Few days ago, i was shocked to see a catepillar in my ghost mantis cage ( i only use fake leaves), but after second look, i realized it was just a ghost ootheca that appeared to be some kind of catepillar. (another ooth at the back appear to be normal) My son name the ooth as "Transformer oothecae" :lol: and now he is hoping to see some "transformer" ghost nymphs :lol: 







But later i found a dismembered adult male at the bottom of the cage, i am sure one of the hungry female did it.... bummer  he was still moving when i removed the body.


----------



## Asa (Jul 20, 2007)

Oh gross...

Sorry about your luck...


----------



## OGIGA (Jul 20, 2007)

Poor guy. I think the female ate the wrong end though.


----------



## Ian (Jul 20, 2007)

Excellent looking ooth Yen! I can see why you were stumped by that one


----------



## buddhistsoldier88 (Jul 21, 2007)

i thought ghosts could live together in peace?


----------



## chris hill (Jul 23, 2007)

i keep my 2 adult females together and everythings fine between them. i have a male that has been adult for 3 weeks now and the 2 females for 2 weeks when and how should i try breeding them. its my first time. :?


----------



## Asa (Jul 23, 2007)

dun dun dun!

http://mantidforum.com/forum/viewtopic.php?t=7112


----------



## chris hill (Jul 23, 2007)

it should be DUM DUM DUM! for me lol. thanks for that. i will try that in a week or so and let you know how it went.


----------



## yen_saw (Jul 24, 2007)

> i thought ghosts could live together in peace?

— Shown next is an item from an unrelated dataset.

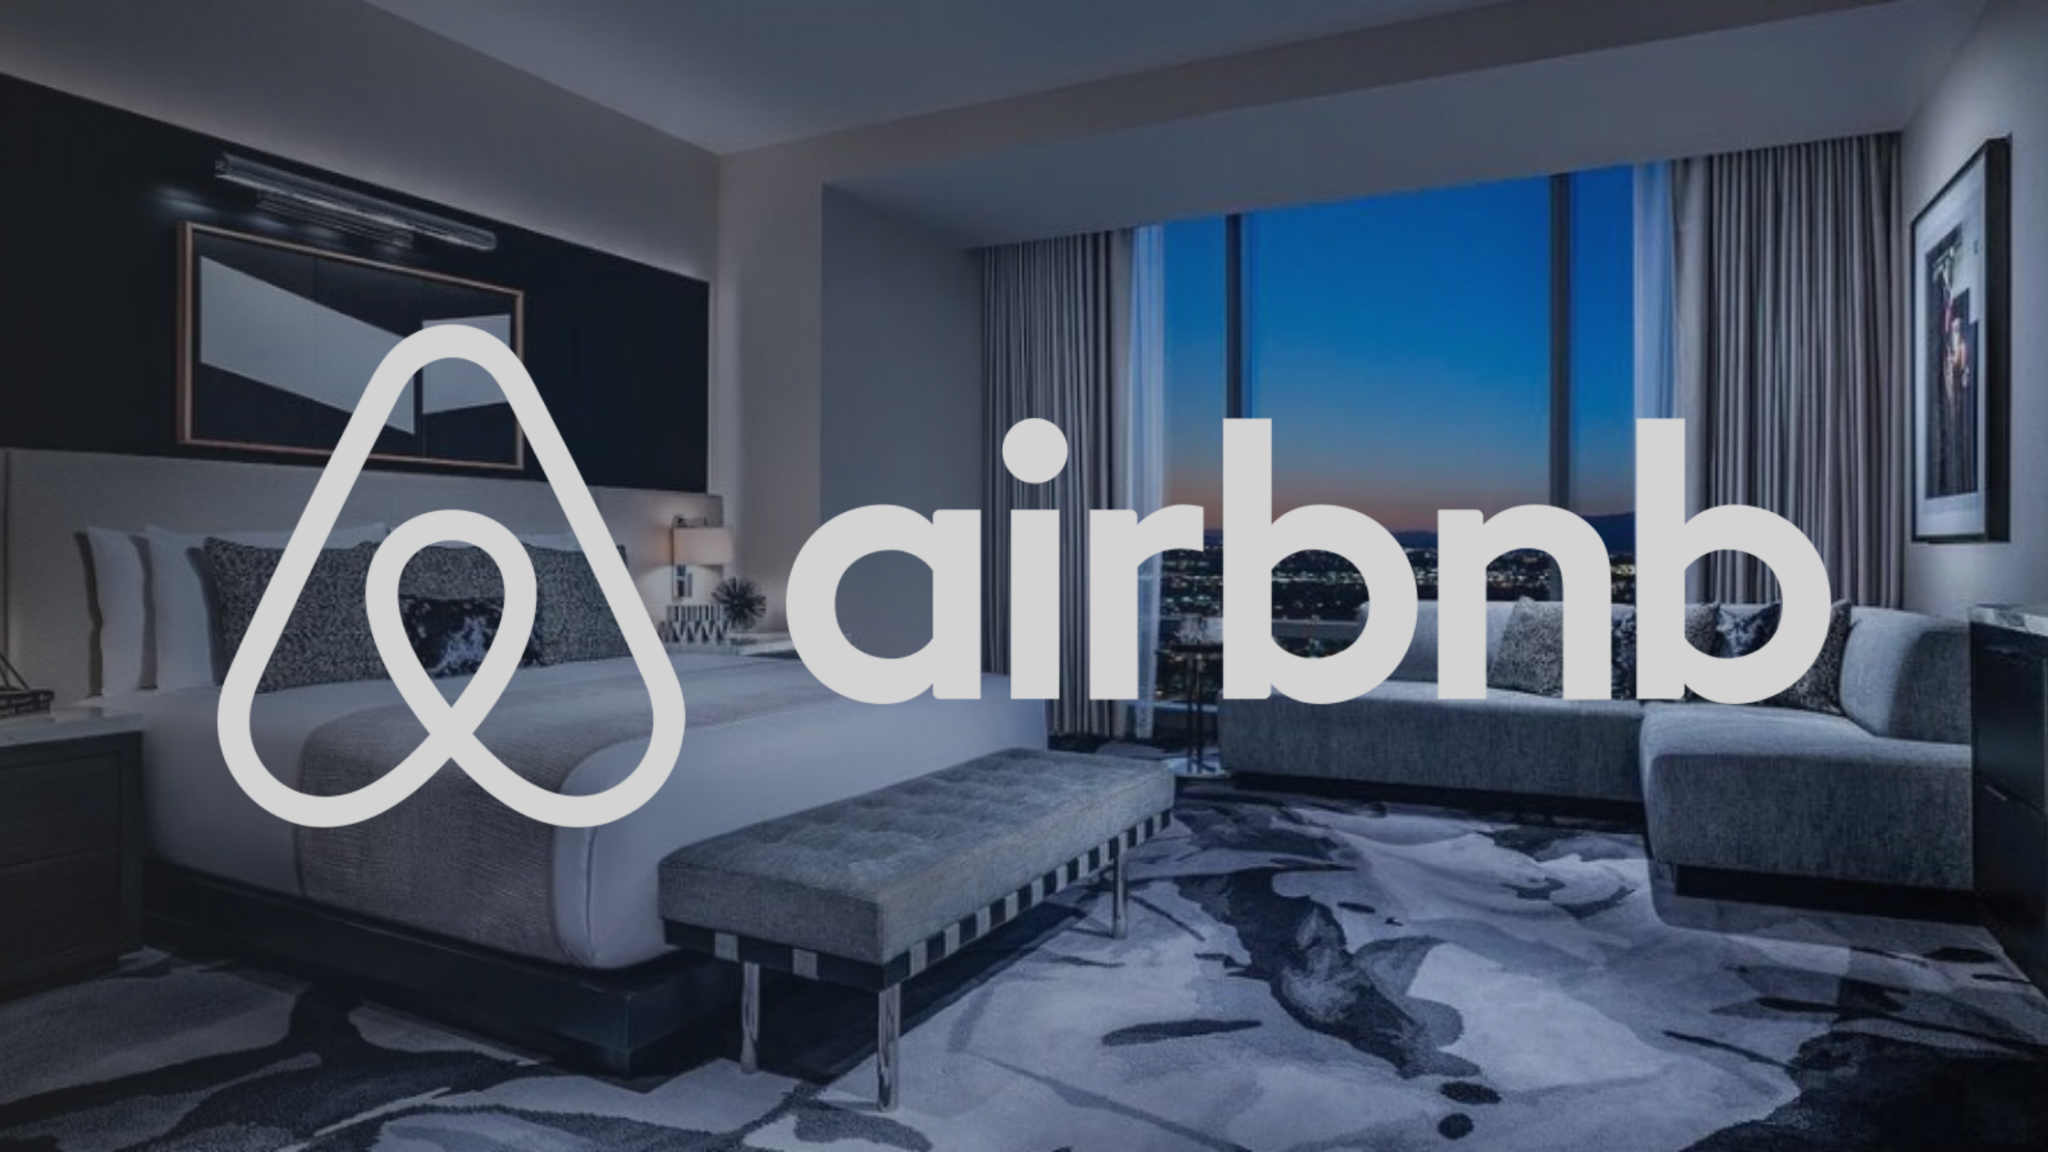 Comment utiliser Airbnb : guide rapide pour les débutants

Yes they do live together alright , but adult female killing male is not unheard of. Howveer, all adult females are doing alright together for me.


----------



## Rob Byatt (Jul 25, 2007)

Adult females will eat males if given the opportuntity. Same s.e.x _P. paradoxa _ will co-habit, but not for the same reasons that _Gongylus gongloides_ will. _P. paradoxa _ hardly moves at all, so in effect, individuals are more or less invisible to others in the cage.

Male are obviously a different story.

Rob


----------



## nepenti (Jul 27, 2007)

Those transformers are always peaceful if they have many flying insects inside the cage. I always leave a bunch of puppae inside and flies are hatching every day so all mantids are not hungry. My 2 pairs made 11 Ooths! One was even 9cm long! Of course the most part was much smaller, but it is the best result for me till now.


----------



## yen_saw (Jul 27, 2007)

9 cm long is the longest i have ever heard :shock: !! the longest i have is about 6 cm, but it only hatched out like 15 nymphs. This morning i have one ghost ooth at barely 1 inch long, hatching out 30 nymphs as i type right now.


----------